On Schweser notes book 3 page 209, there’s a table showing the average correlation and the maximum risk reduction benefits. I’ve been reading this over and over again, and still I can’t make a sense of it. Can somebody explain this in a very simple and plain language?
variance§ = avg variance(asset)* [(1 - correlation)/n + correlation] So as correlation–tendsTo–>0 the term, [(1 - correlation)/n + correlation] --tendsTo–> 1 Hence variance§ = avg variance(asset)*[1] Now consider the table correlation = 0.1, n=90, [(1 - correlation)/n + correlation] = [0.9/90 + 0.1] = 0.11 Similarly, if, correlation = 0.5, n=23, [(1 - correlation)/n + correlation] = [0.5/23 + 0.5] = 0.52 best possible values, correlation = 0, n = veryLargeNumber (ex: 1000), [(1 - correlation)/n + correlation] = [1/1000 + 0] = 0.0001 So the multiplier gets smaller and smaller… Thus as a conclusion it is said that: variance of the portfolio decreases as correlation decreases and also the number of assets increases to infinity. variance§ will become = avg variance(asset) when correlation is 0 and no of assets are infinite. I think I got you confused even more?
actually you’re very clear swaptiongamma. Thanks for clarifying it. But what do the values in the table (e.g. 0.19, 0.14, 0.11, 0.33 etc) mean? Are they the portfolio variance? What are the values called?
The values are the numeric solution to square-bracketed term in the formula states below. variance§ = avg variance(asset)* [(1 - correlation)/n + correlation] So [(1 - correlation)/n + correlation] = 0.19 or 0.14 or 0.51 … depending upon what values u substitute for correlation and n in the equation. And this is how we have to interpret the terms. if say we have a portfolio with 10 assets (hence n=10) and average correlation amongst the assets is (correlation = 0.1), substituting in [(1 - correlation)/n + correlation] we get value as [0.19]. and now consider average variance of the assets in the portfolio is 20 (sigma^2(i) = 20)) Then variance of the port = average variance of the assets * [multiplier] variance of the port = 20 * [0.19] Thus they are not portfolio variance - but a multiplier that when multiplied to the avg asset variance will give us the port variance.

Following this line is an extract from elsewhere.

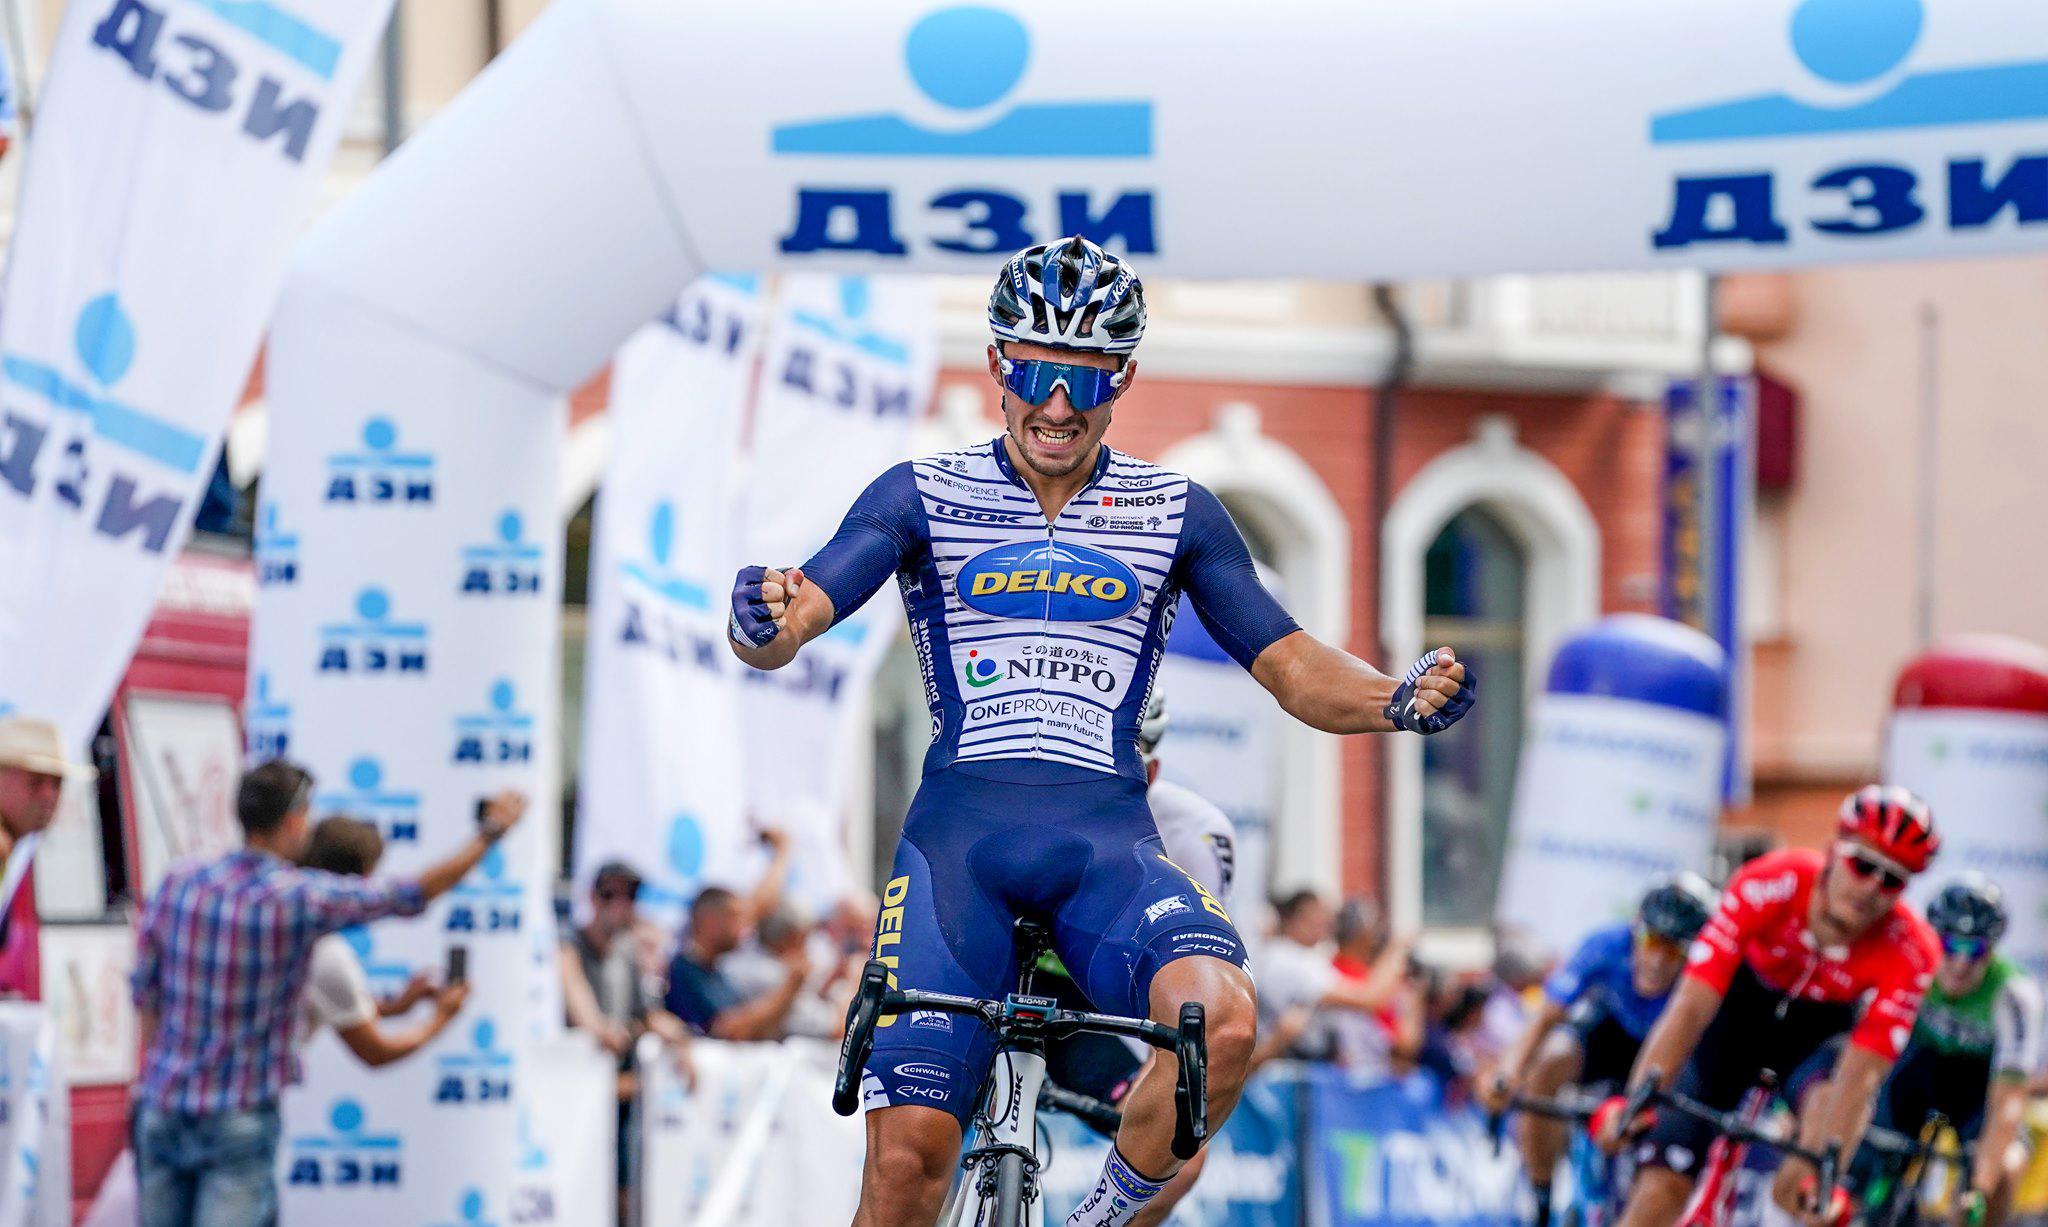 Pierre Barbier gagne la troisième étape du Tour de Bulgarie
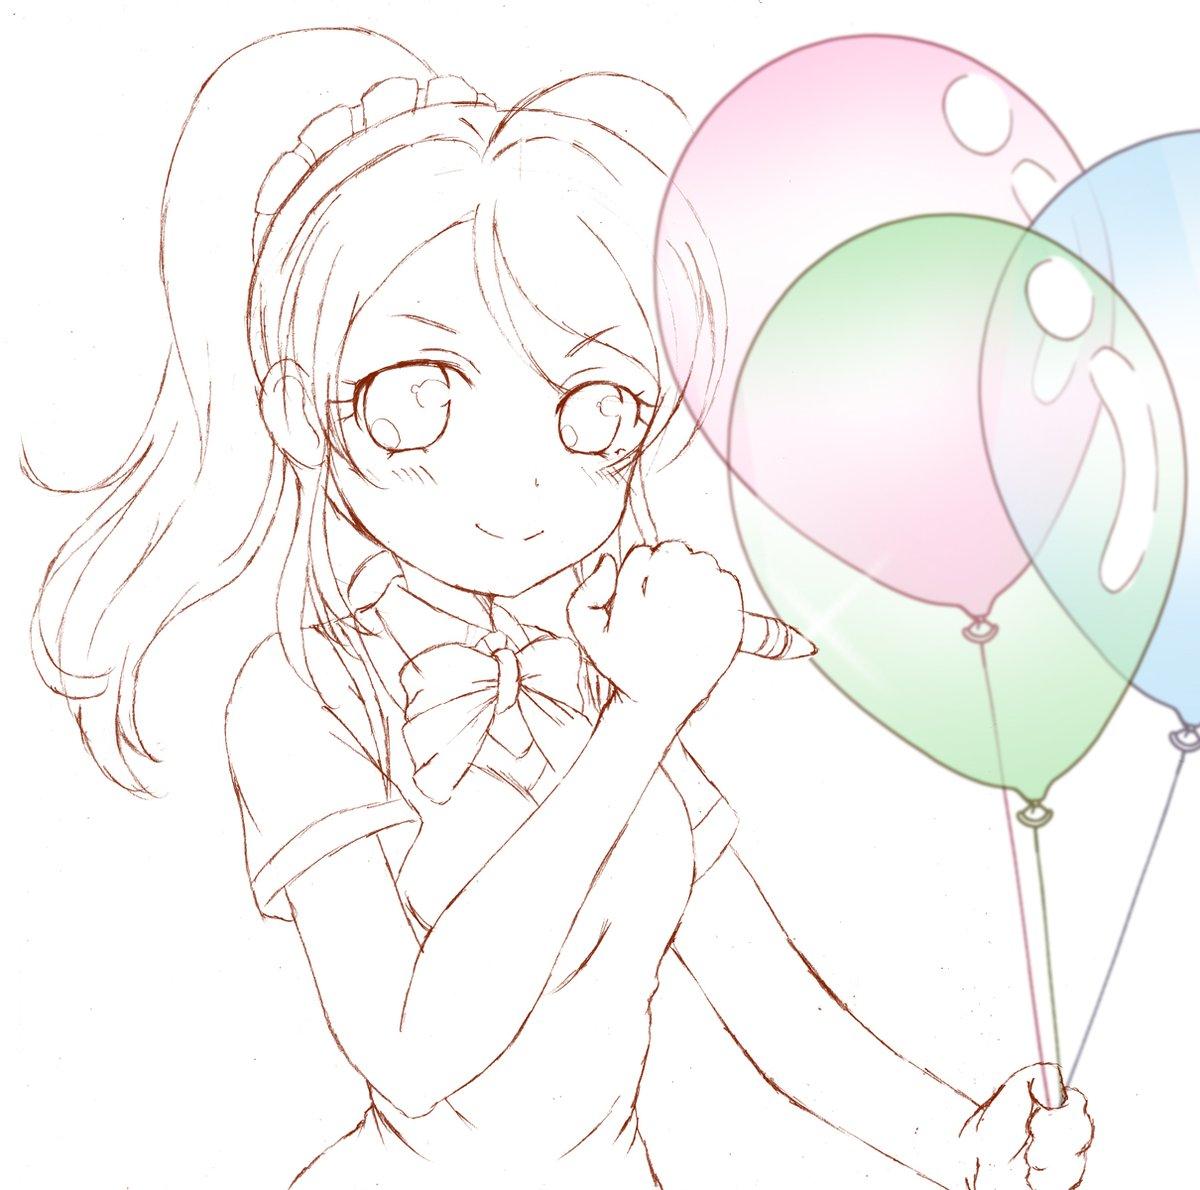 【お題箱より】 #odaibako_kazenofunet https://t.co/X7Rg1tMcZb ラブライブの絵里ちゃんがボールペンで風船の焦らし割りをするイラストをお願いします。 https://t.co/AY7C5mIXQf

oh!!! i see, this is the multiplier… somehow i just can’t keep my mind straight on these type of things… thanks swaptiongamma!
Swaption, what if the co-relation between the assets is -1? Then the variance of the portofolio will become 0 even if we have only two assets because [(1-cor)/n +cor)] will become 0. So in that case, we don’t need infinite number of assets. am I correct?
[(1 - -1)/2 + -1] = 2/2 - 1 = 1-1 = 0 = port variance is zero This co-incides with the fact that 2 assets which are perfectly negatively correlated (r = -1), then they can provide the best, ideally diversified portfolio. Say if r(IBM, GLD) = -1. In a volatile market like this -1 would mean, If one goes down 30%, other goes up exaclty by 30%, making the weighted avg variance of port = 0. Finding such perfectly correlated in great for books, not for real. So at best we can do is - try to take the correlation as low as possible and then add large number of assets in the port to get gr8 diversification. And the correlation they are talking here is avg asset correlation (correlation-hat). … Just my thoughts, and might be way off.
-ve correlation only talks about the DIRECTION OF THE MOVEMENT, NOT THE EXTENT OF MOVEMENT. So with a correlation of -1 - if IBM Went down 30% in above example - GLD would go UP, that is all you can say. Need not go up 30%. Even if it went up, you have reduced the variance of your portfolio, kind of the two assets are not both going into a loss situation. One’s losses offsets the others gains. and you have some diversification benefit, because you have reduced the RISK on your position.
guys, you seem to be nailing these concepts… anyhow, how average variance and correlation are calculated?